# Chuva - Montemor - 2/01/2009



## trepkos (2 Jan 2009 às 21:32)

Deixo aqui alguns vídeos da chuva que a 'Laura' deixou por aqui, numa volta que fiz nos campos em redor de Montemor.


----------



## psm (2 Jan 2009 às 22:06)

Boa reportagem de uma zona bem bonita do alentejo, e que conheço bem pois tenho um amigo que mora perto dai de montemor novo mais precisamente em Foros Vale da Figueira e onde a caminho de Montemor há uma imagem que marca pelo o pouco habitual, na estrada que vai de Montemor a Foros,  existe um local onde existem muitos ninhos de cegonhas.


----------



## trepkos (3 Jan 2009 às 01:34)

psm disse:


> Boa reportagem de uma zona bem bonita do alentejo, e que conheço bem pois tenho um amigo que mora perto dai de montemor novo mais precisamente em Foros Vale da Figueira e onde a caminho de Montemor há uma imagem que marca na estrada que vai de Montemor a Foros, e donde existe um local onde existem muitos ninhos de cegonhas.



Sim, a 'savana'


----------



## actioman (6 Jan 2009 às 09:47)

E porque não só de neve vivem os meteoloucos! 

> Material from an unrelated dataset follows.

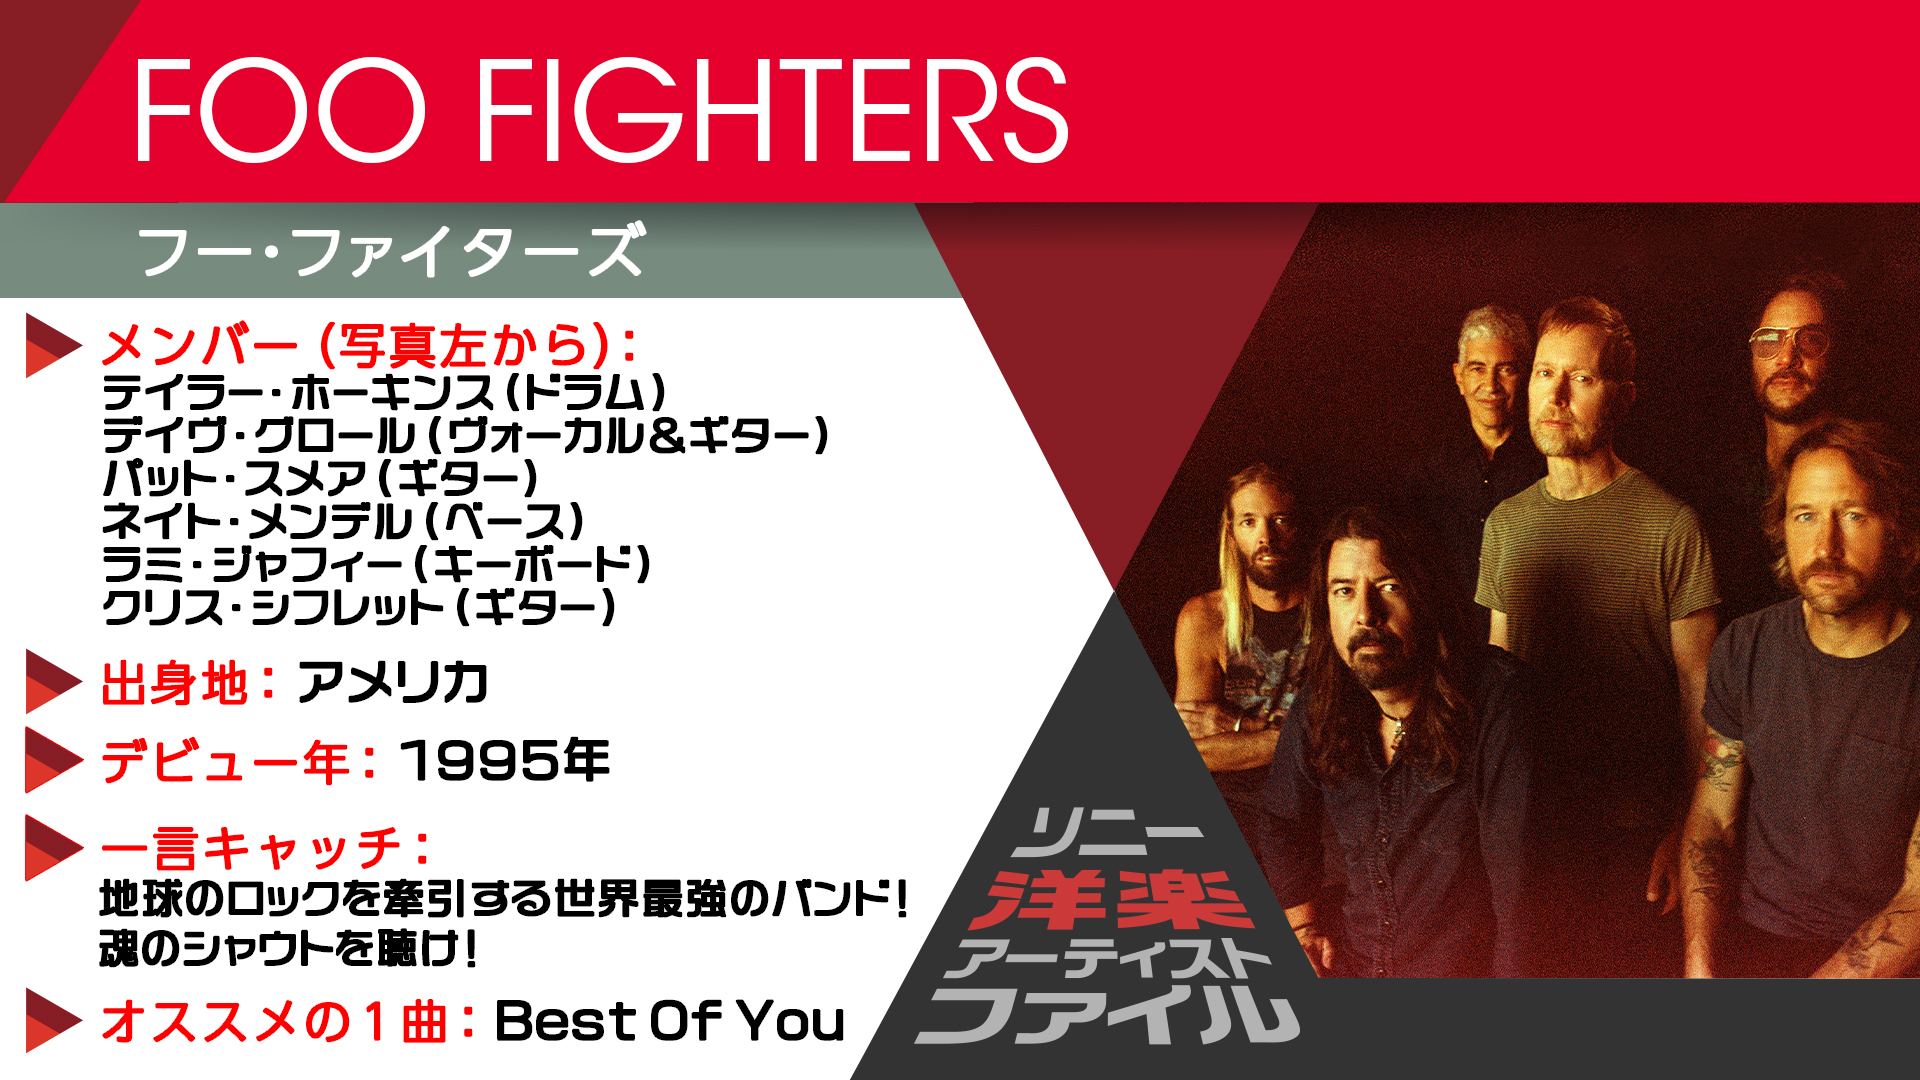 ソニーミュージック洋楽 ソニー洋楽アーティストファイル No 12 バンド25周年 10枚目となるアルバム メディスン アット ミッドナイト リリースした世界最強のロックバンドをご紹介 Foo Fighters フー ファイターズ Foofighters

Ora aqui está uma video-reportagem, bem bonita , que nos leva a viajar _à boleia_ no teu carrito! 

Tens noção de quantos litros rendeu por aí a amiga "Laura"?

Obrigado pela viagem!


----------



## pedropb (12 Jan 2009 às 12:07)

trepkos disse:


> Sim, a 'savana'



Mais conhecido como o Pinhal da Popa


----------